*EXERCISE BRIEF:* Your answer should hold exactly the lines beginning with the one that contains "Brand New Sage" and ending with the last line of the material, both included. Leave every picture out.

*INFORMATION SUPPLIED:*
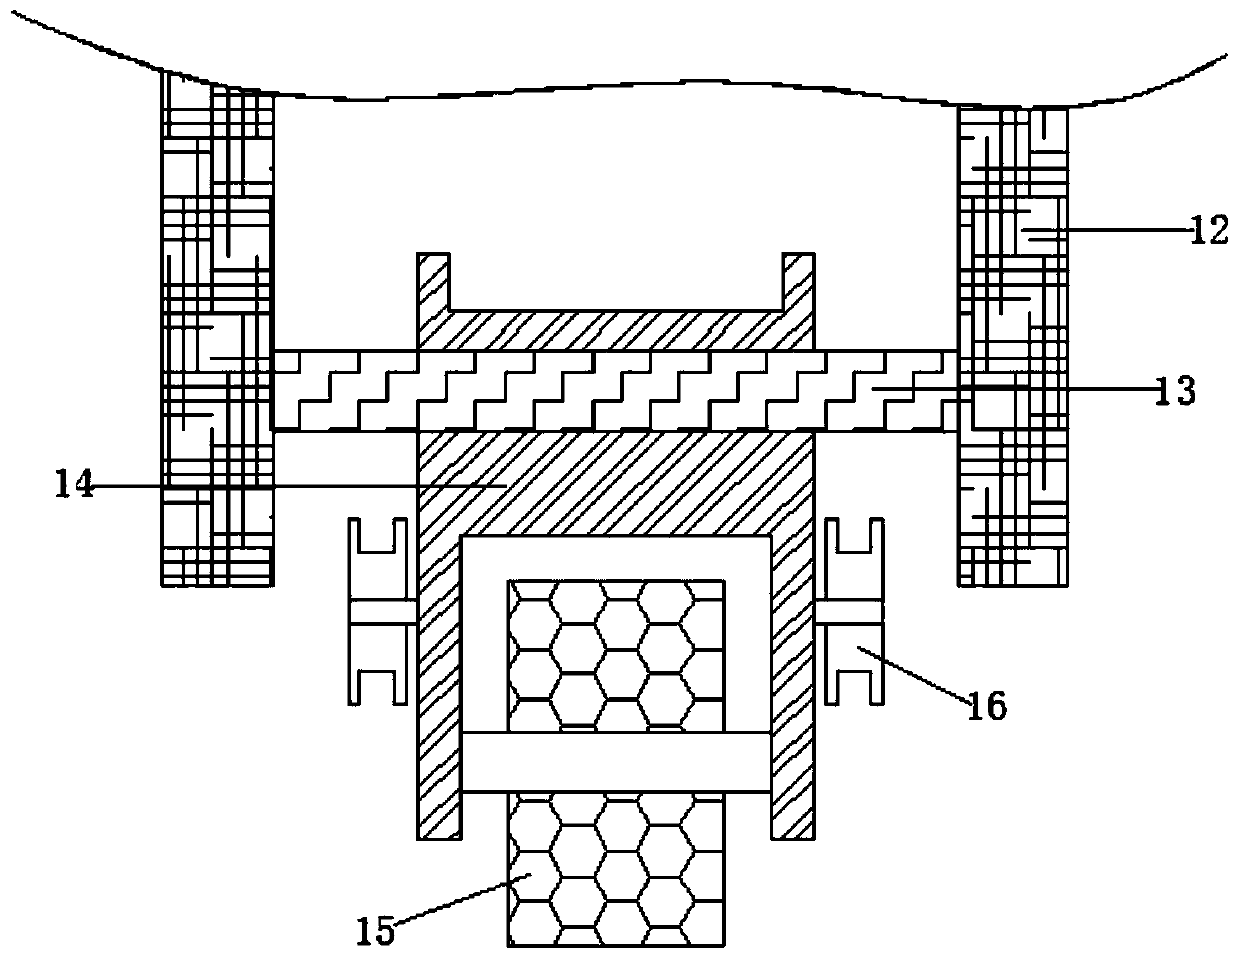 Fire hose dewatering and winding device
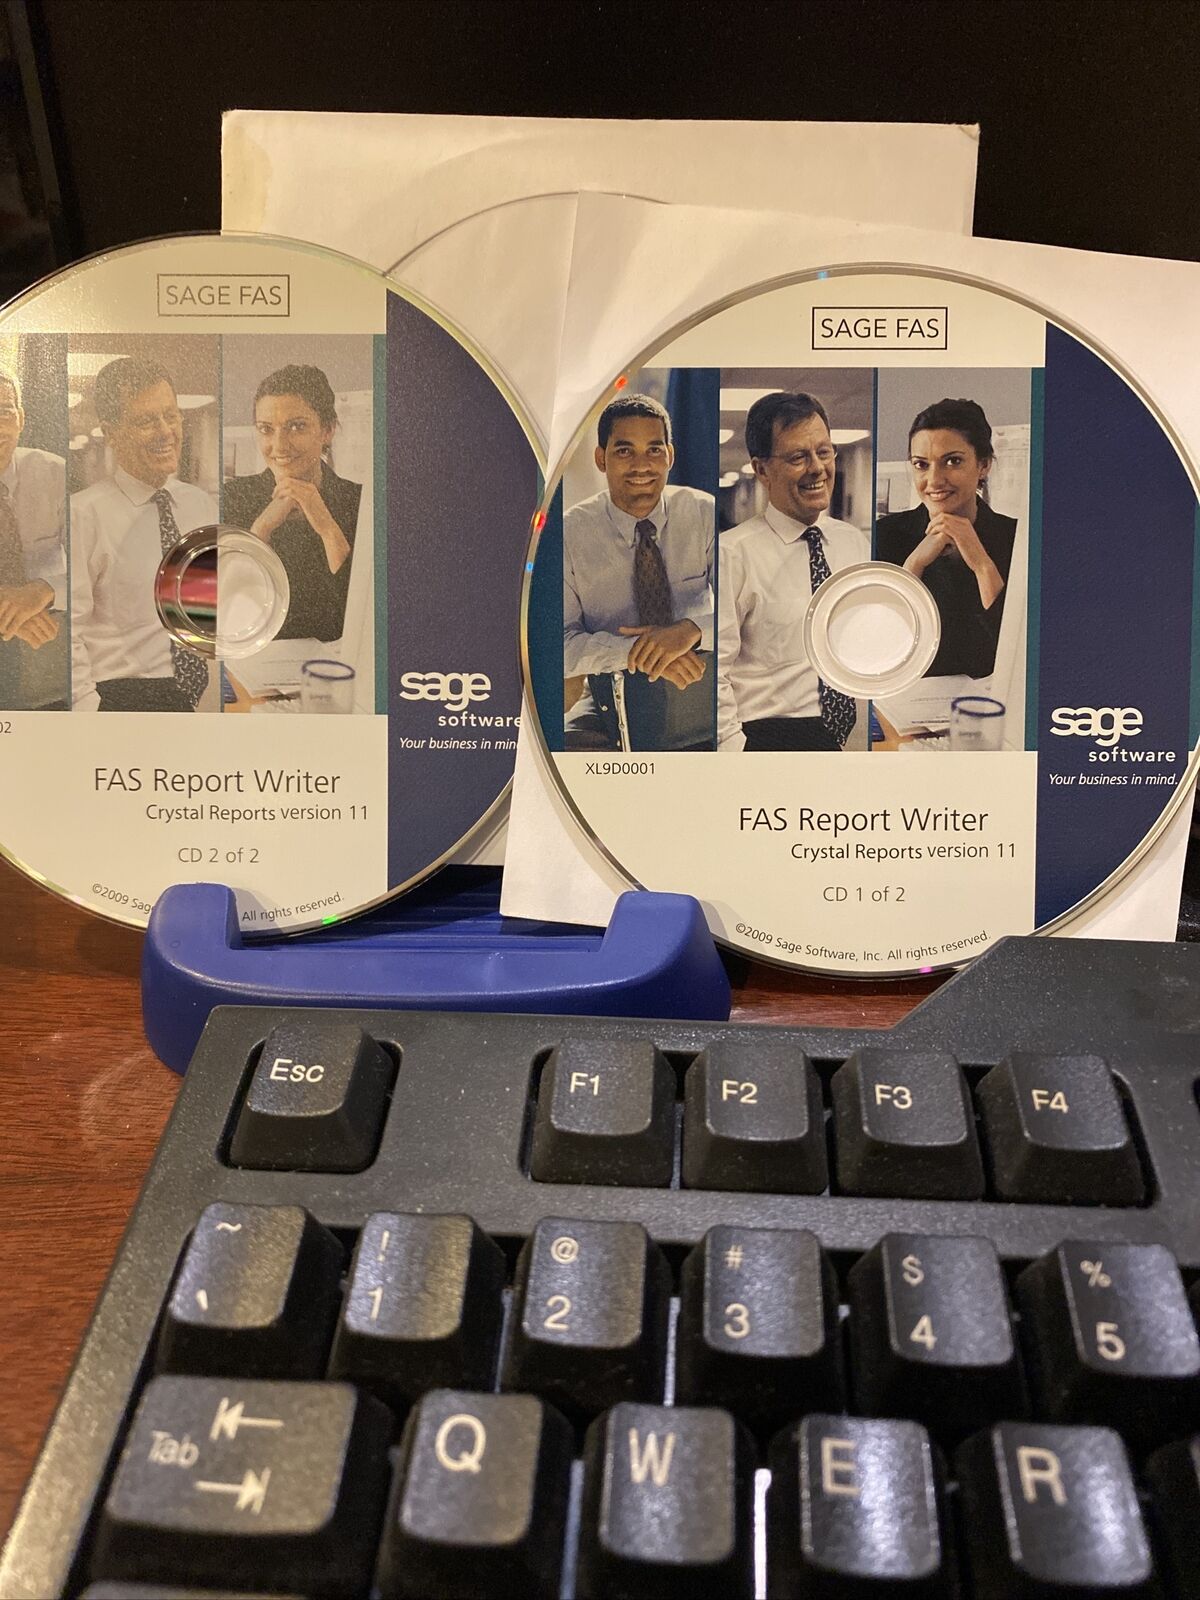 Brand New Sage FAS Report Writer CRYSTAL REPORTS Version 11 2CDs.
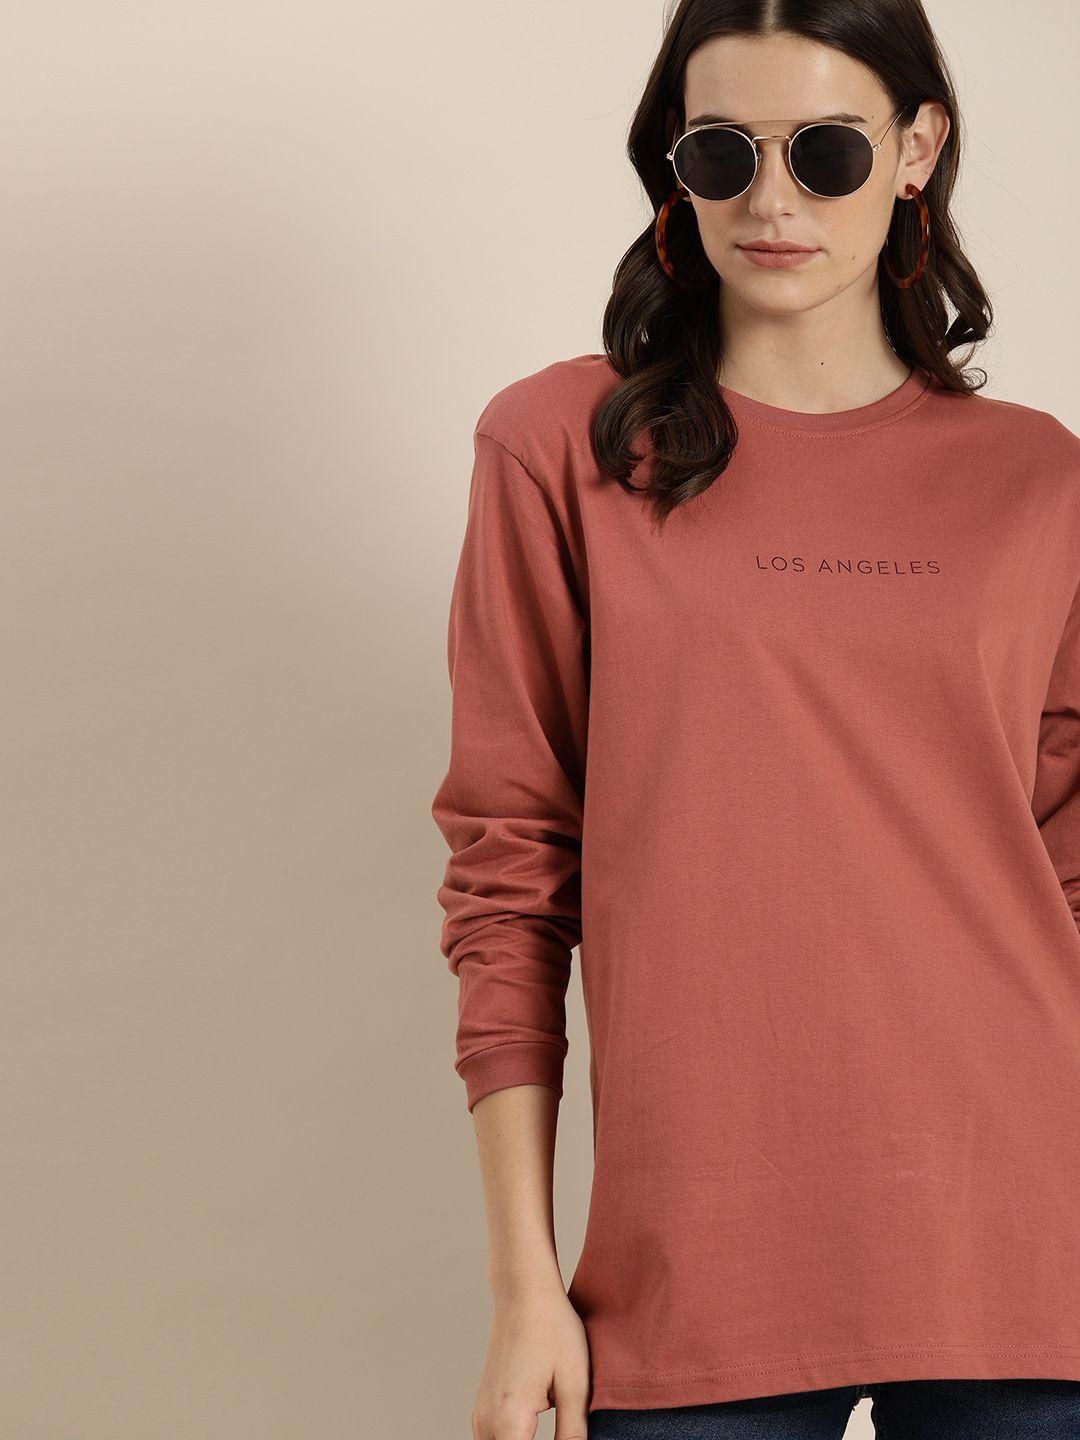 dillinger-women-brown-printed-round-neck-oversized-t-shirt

*EXPECTED OUTPUT:*
 Brand New Sage FAS Report Writer CRYSTAL REPORTS Version 11 2CDs.
 dillinger-women-brown-printed-round-neck-oversized-t-shirt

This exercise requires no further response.